Segment Open

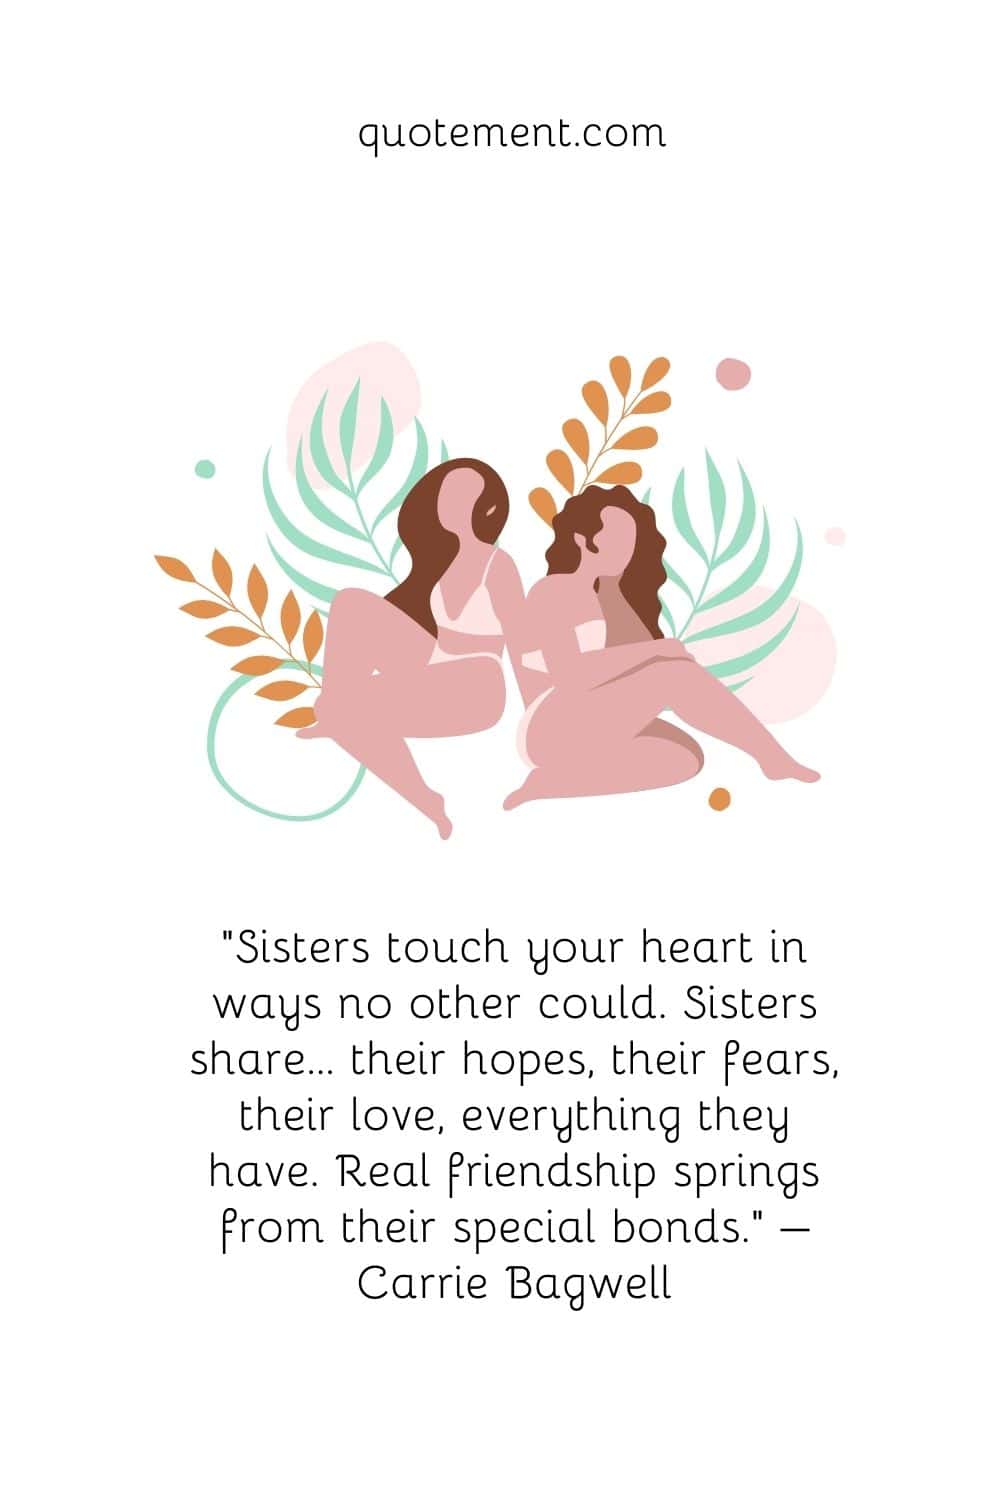 “Sisters touch your heart in ways no other could. Sisters share… their hopes, their fears, their love, everything they have.
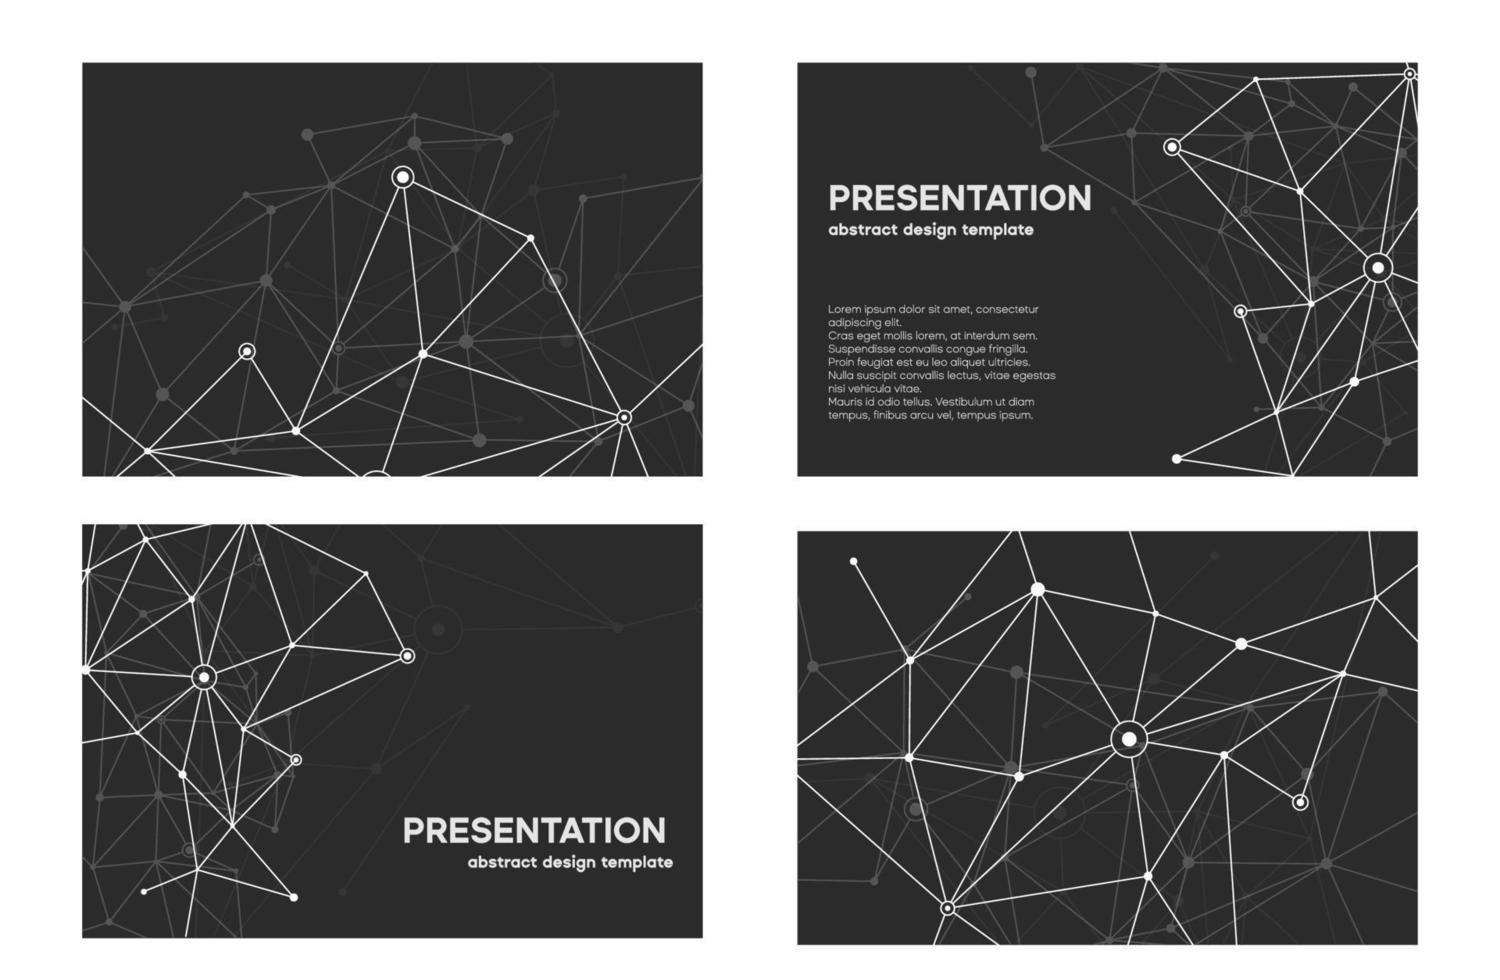 Dark slides layout. Abstract background design. Marketing brand book cover template vector
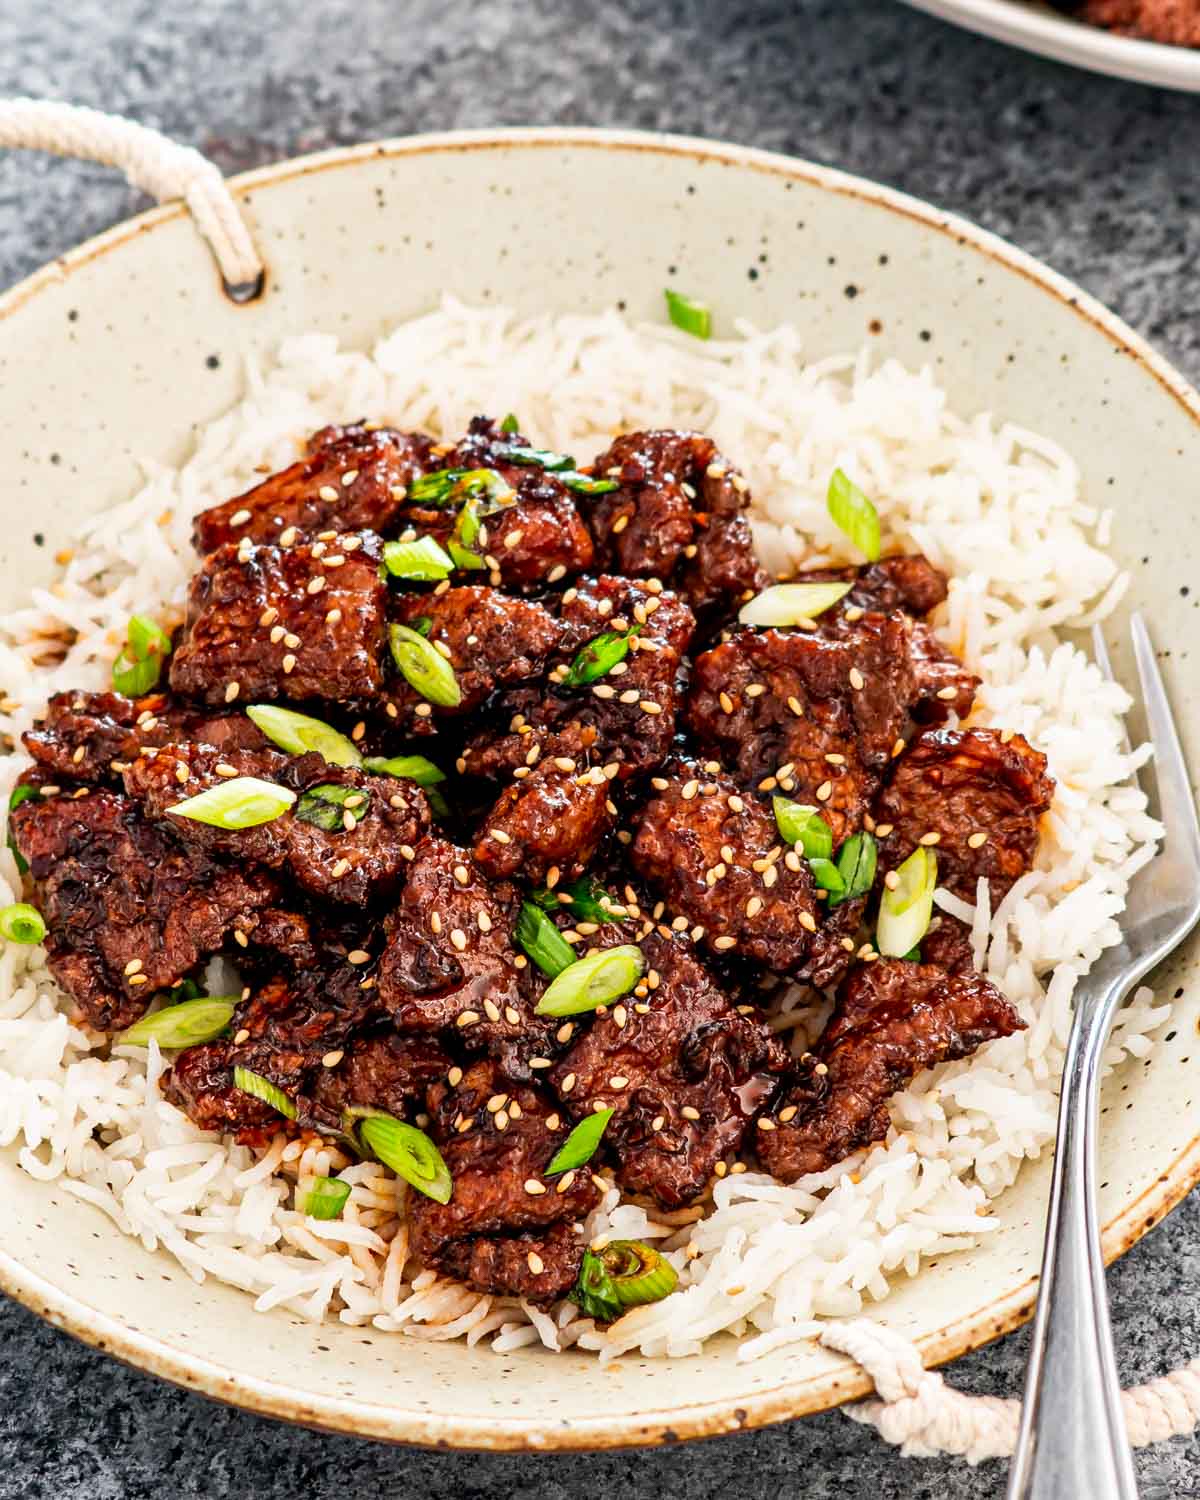 mongolian beef over a bed of rice garnished with green onions and sesame seeds.
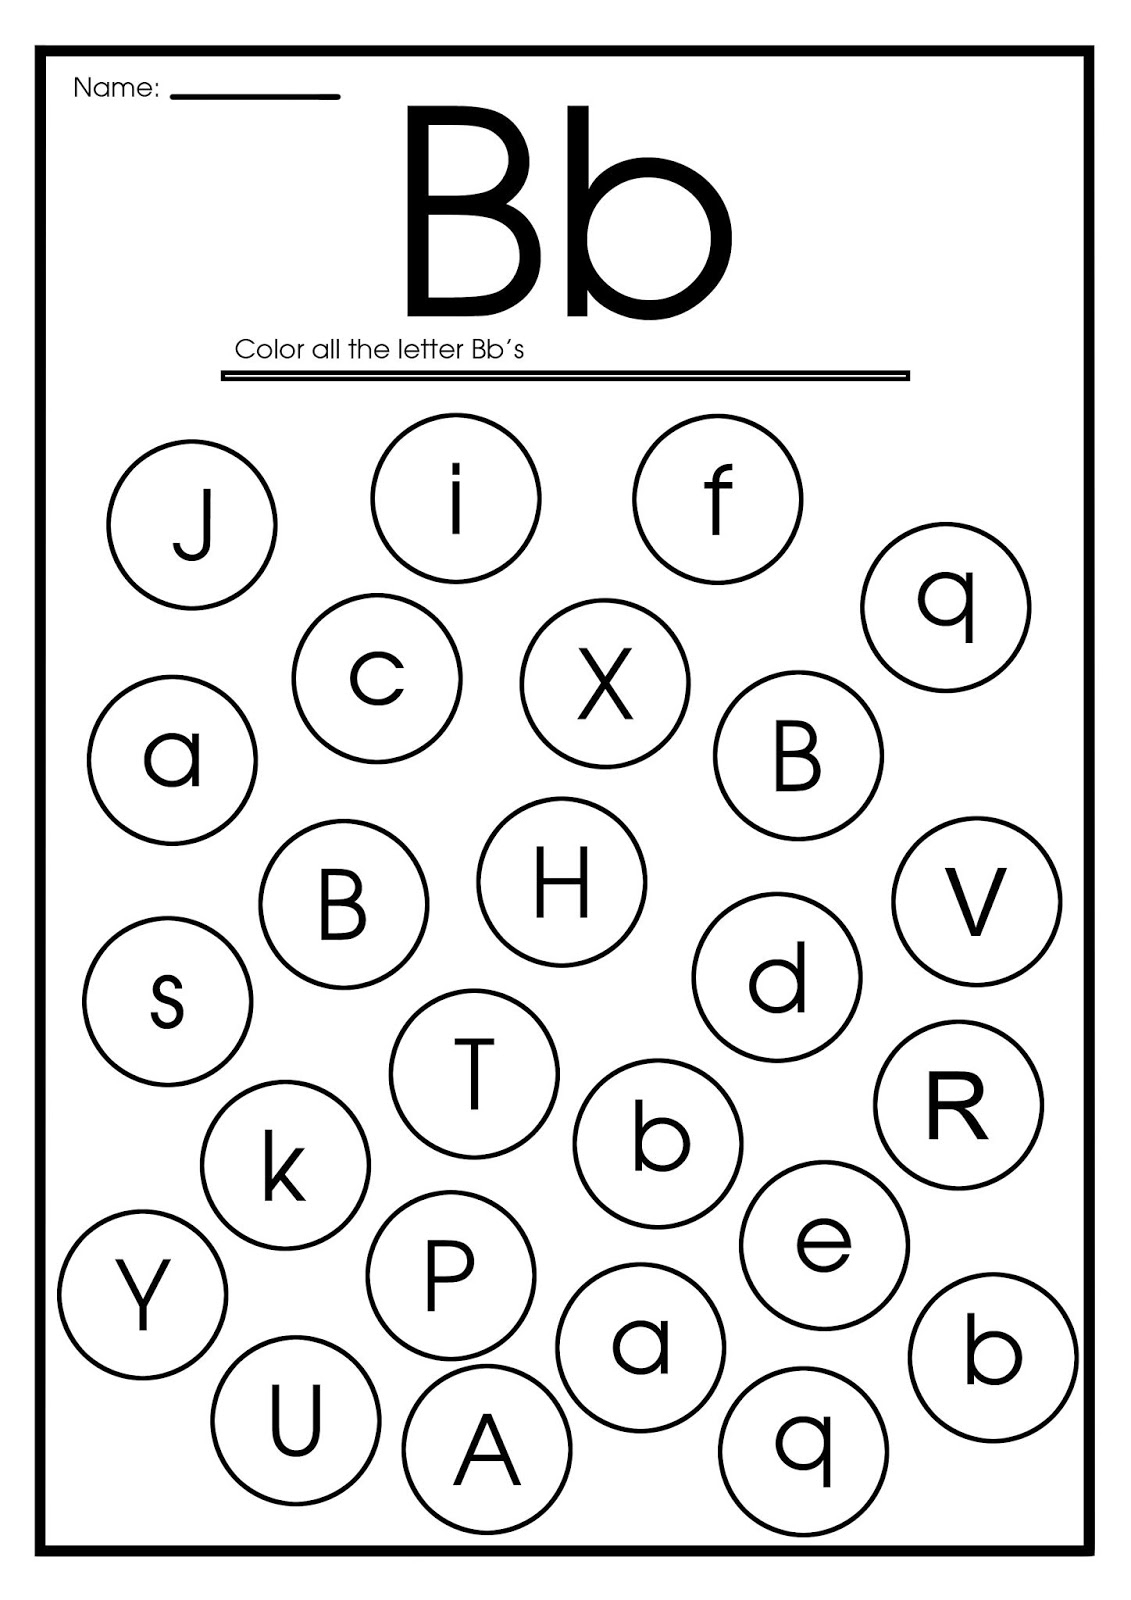 Letter B Worksheets, Flash Cards, Coloring Pages throughout Letter Worksheets B
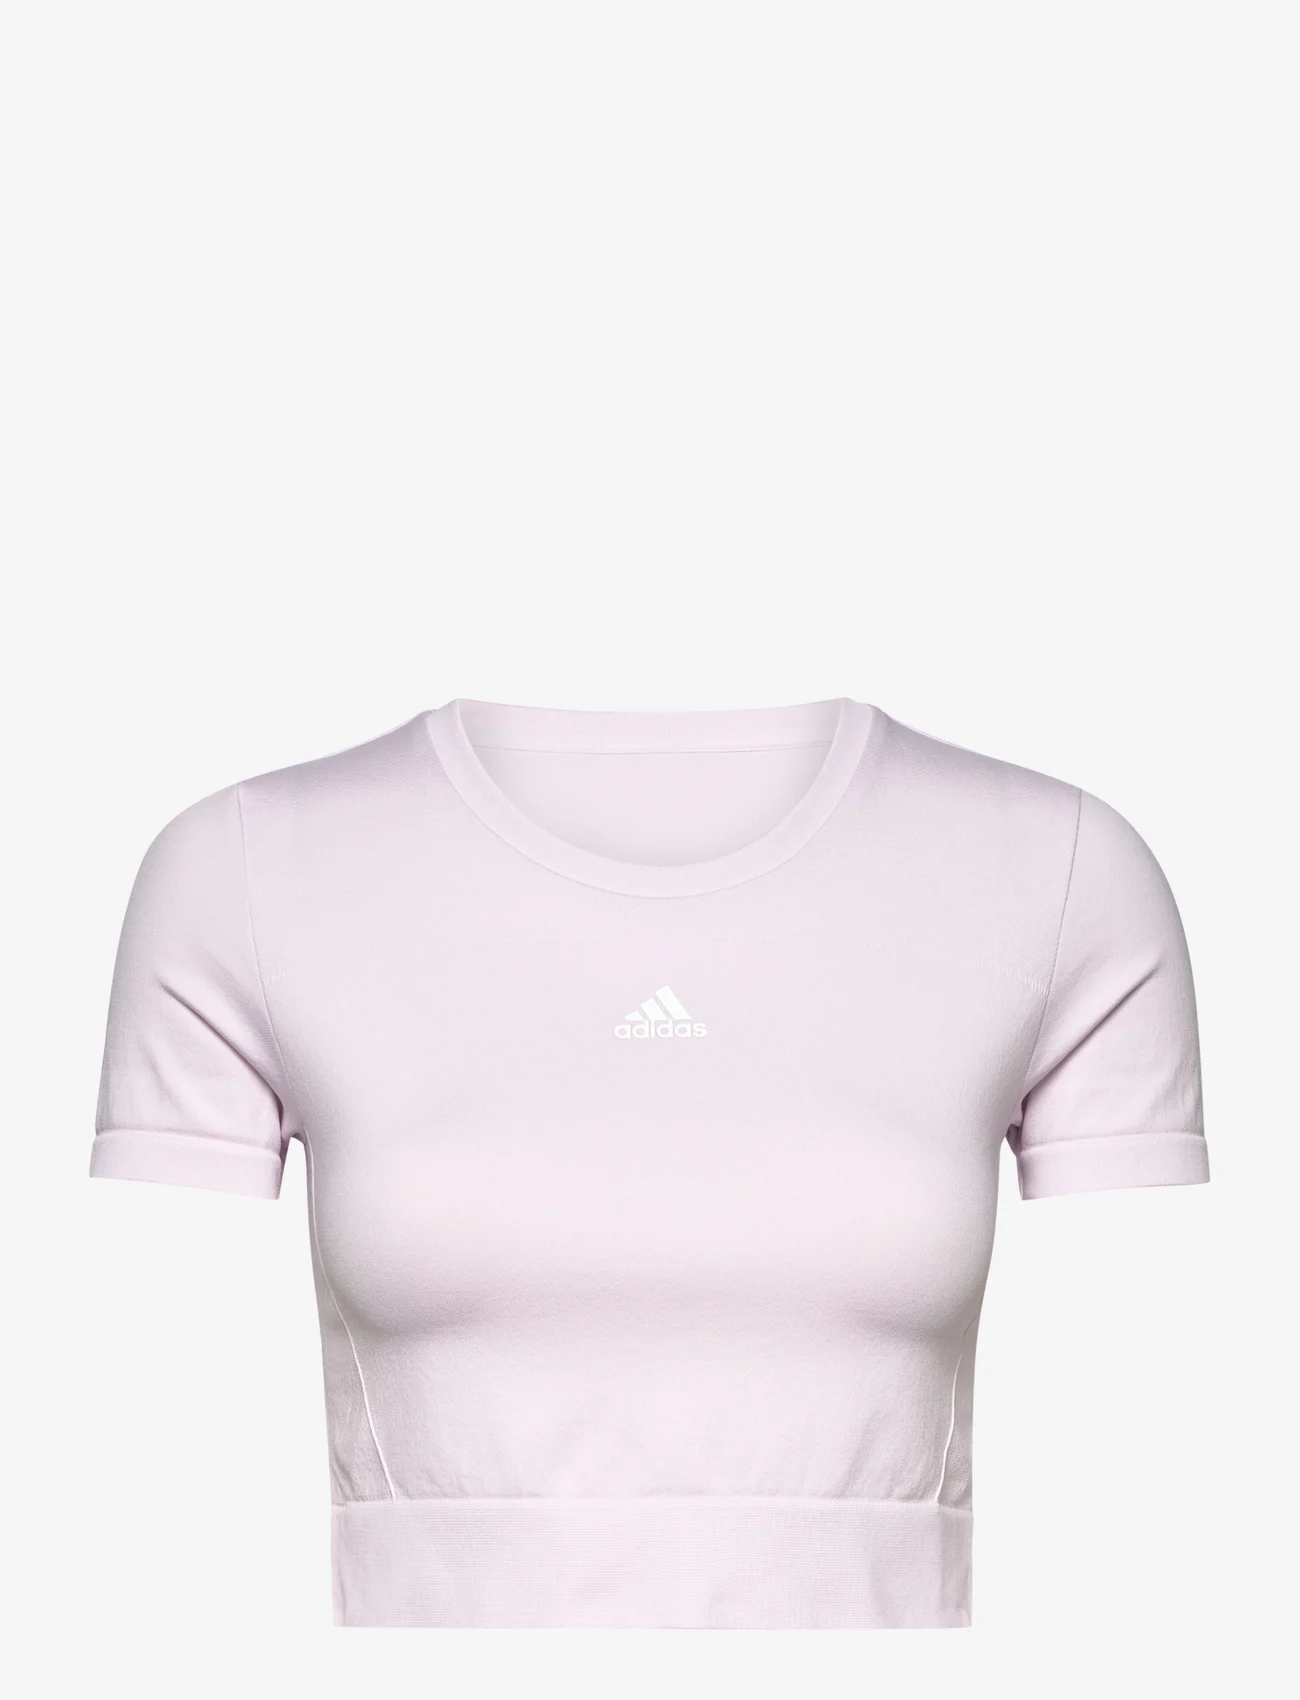 adidas Performance - AEROKNIT Seamless Fitted Cropped Tee W - crop tops - almpnk/white - 0

Segment Closed

▶ [PROBLEM]: Copy each line of the records above exactly as written. Do not carry over any picture.

▶ [PROBLEM SOLUTION]:
 “Sisters touch your heart in ways no other could. Sisters share… their hopes, their fears, their love, everything they have.
 Dark slides layout. Abstract background design. Marketing brand book cover template vector
 mongolian beef over a bed of rice garnished with green onions and sesame seeds.
 Letter B Worksheets, Flash Cards, Coloring Pages throughout Letter Worksheets B
 adidas Performance - AEROKNIT Seamless Fitted Cropped Tee W - crop tops - almpnk/white - 0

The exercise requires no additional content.